After I left, my wife took over and doing the counselor thing had them reflect even deeper about cyber bullying by putting them in small groups and reading some of the letters from this great book: Letters to a Bullied Girl . According to my wife their discussions about bullying were pretty deep and meaningful and many of them talked about how they had never thought about it before, but how easy it was to slip into being a bully on the Internet. They also took a look at the middle school Acceptable Use Policy (AUP) and had a conversation around what it meant and why some of the ideas in the AUP were there to begin with. The saddest part of the day for me looking back is why it it only our students who already got in trouble that are getting this message and are we doing enough to teach kids before they reach Saturday school? Something I’m taking with me Monday to work!

The real fascination for me came when I asked the students if they were friends with someone in real life could they not be friends with them on Facebook? You would have thought I was joking by the looks on their faces. Three students spoke up and all said the same thing….”No Way!” That there is a social obligation to be Facebook friends with someone if you are friends in real life and not “friending” them on Facebook would be the same as saying “we’re not friends”.

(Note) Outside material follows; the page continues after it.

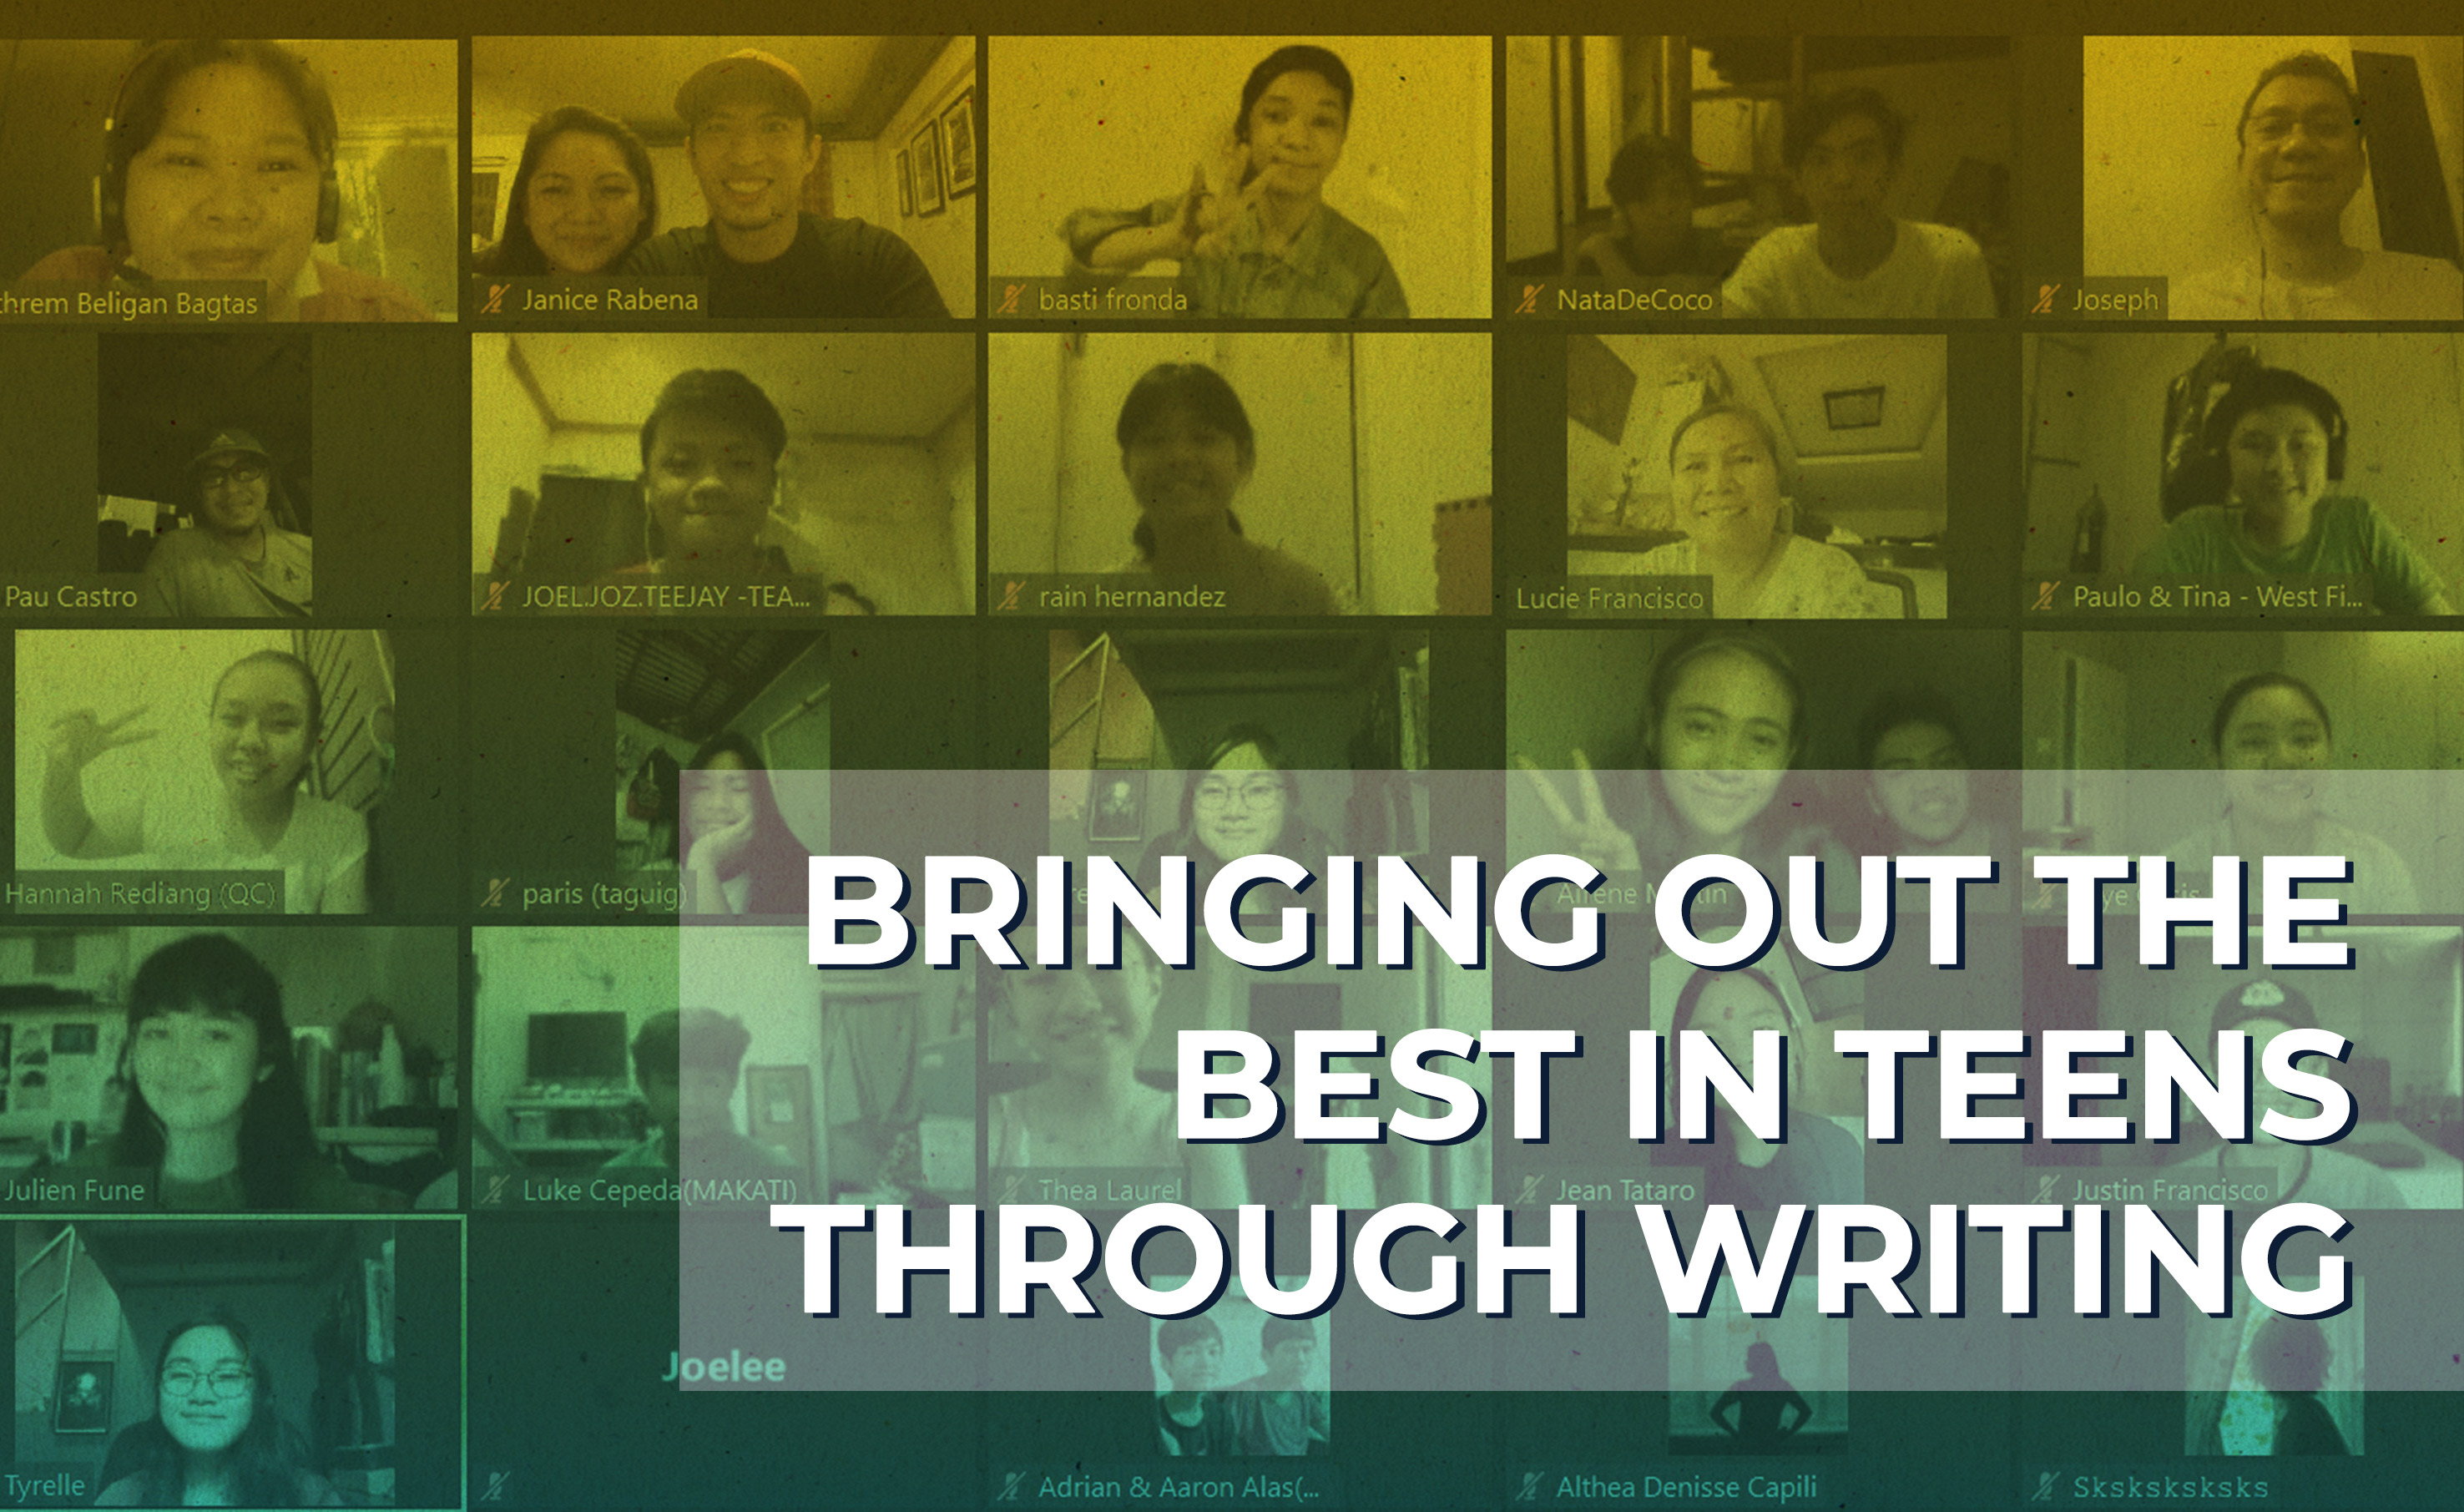 Bringing Out the Best in Teens Through Writing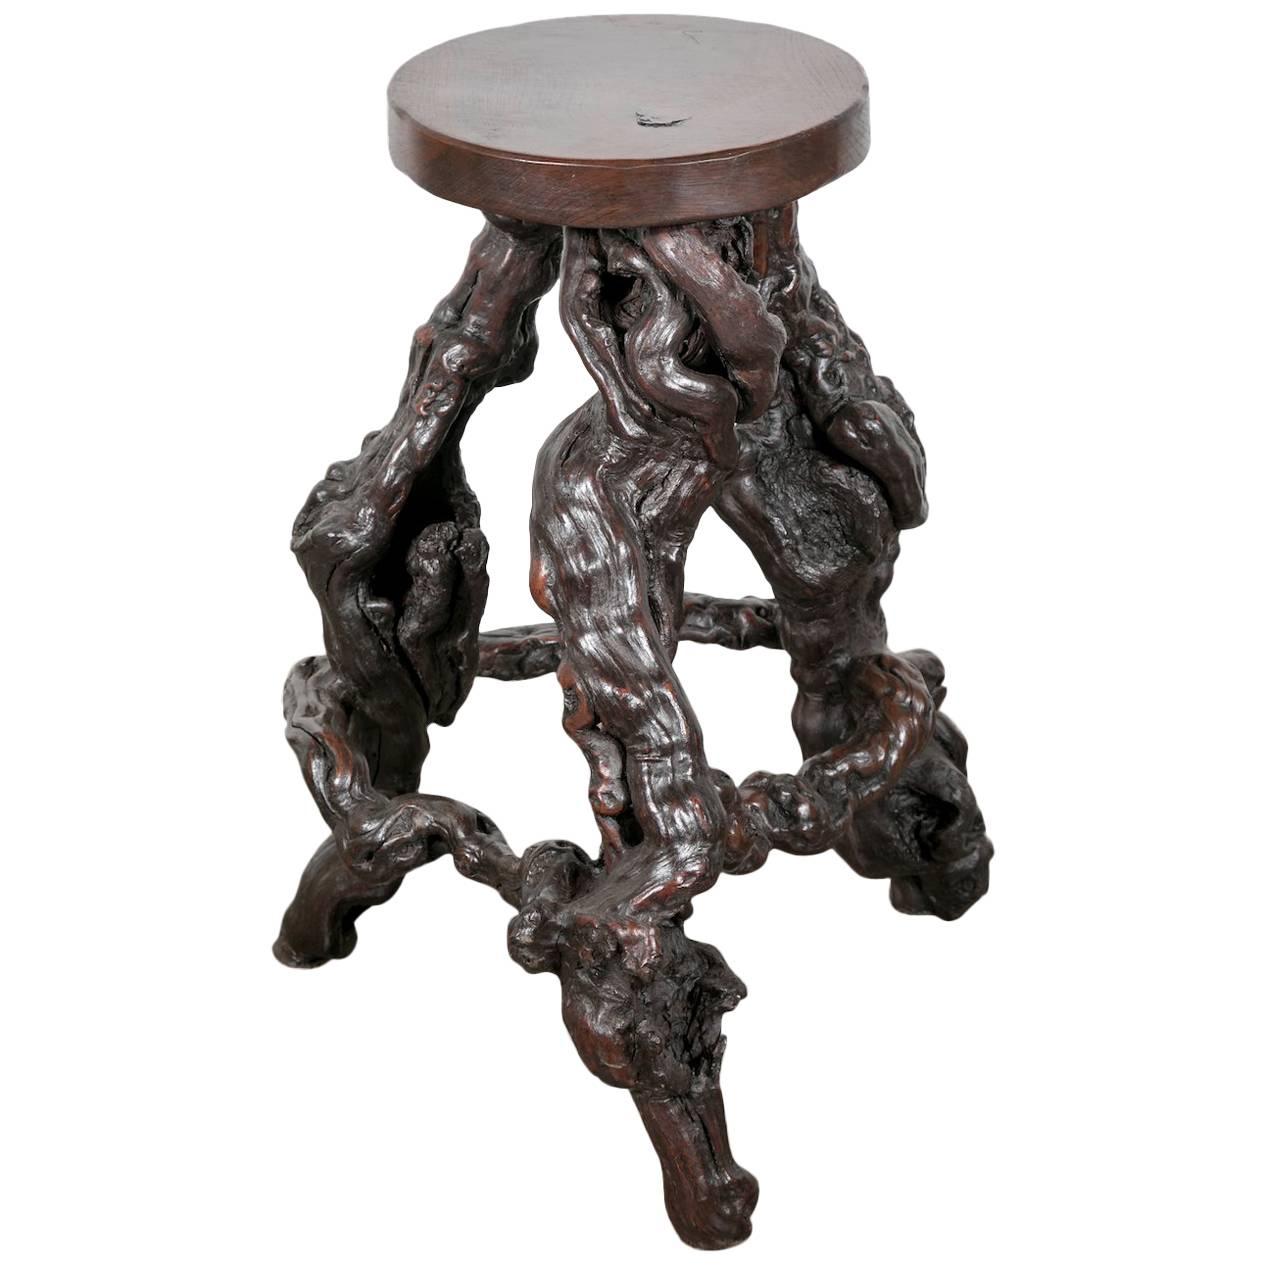 Rare French Grapevine Root Bar Stool

This is the lives of our students, a world where there is an obligation to be virtual friends with your real friends. An obligation to be on Facebook and be “cool” there as well. This is their social world, and middle schoolers are developmentally in a place that is all about fitting in, being social, and belonging. That’s what is important in their lives, not school, not their homework, but their social lives. As one middle school teacher I was talking to explained “No matter how engaging our lessons are we can not compete with their social lives, they are, at this age all about finding out who they are and belonging.”

At one point today, these students who were there to learn and reflect and were in trouble, were still caught chatting on Facebook in the background by my wife. Here are students, in trouble, writing papers on cyber bullying and still need? crave? want? that social connection.

There’s a part of me that feels sad for them….as I think back on my own Jr. High years and that sense of wanting to fit in, in being “normal” and how much more pressure must be on them in these virtual places that I for one never had to deal with. When I got home….I could relax, not think about it, but now there is this obligation that you’ll be on Facebook, that you’ll be social, even in your house…that’s a lot of pressure to “always be on” for a 13 year old…..honestly….one I’m glad I never had.

There is a social pressure within these students that I honestly do not thing any of us can understand. The more I watch, listen, and interact with students today the more I’m realizing this social pressure that is on them and wondering as an educational community how do we help them, when it is so foreign to all of us? How do we help them mange these connections, use them in powerful ways, and protect themselves and their friends all while allowing them to be social where they need to be? I’m struggling with this and I’m the one that’s suppose to have the answers for parents and teachers and schools on how to handle this. I’m just not sure that we as a society are ready to handle these new social norms that we really don’t understand and for many people are so scary, or foreign that it’s easy to pretend they don’t exist and say “I hate Facebook” then to approach it with an open mind and concept for what’s new.

Privacy, Safety, Bullying….it’s a whole new world out there that I’m trying hard to understand.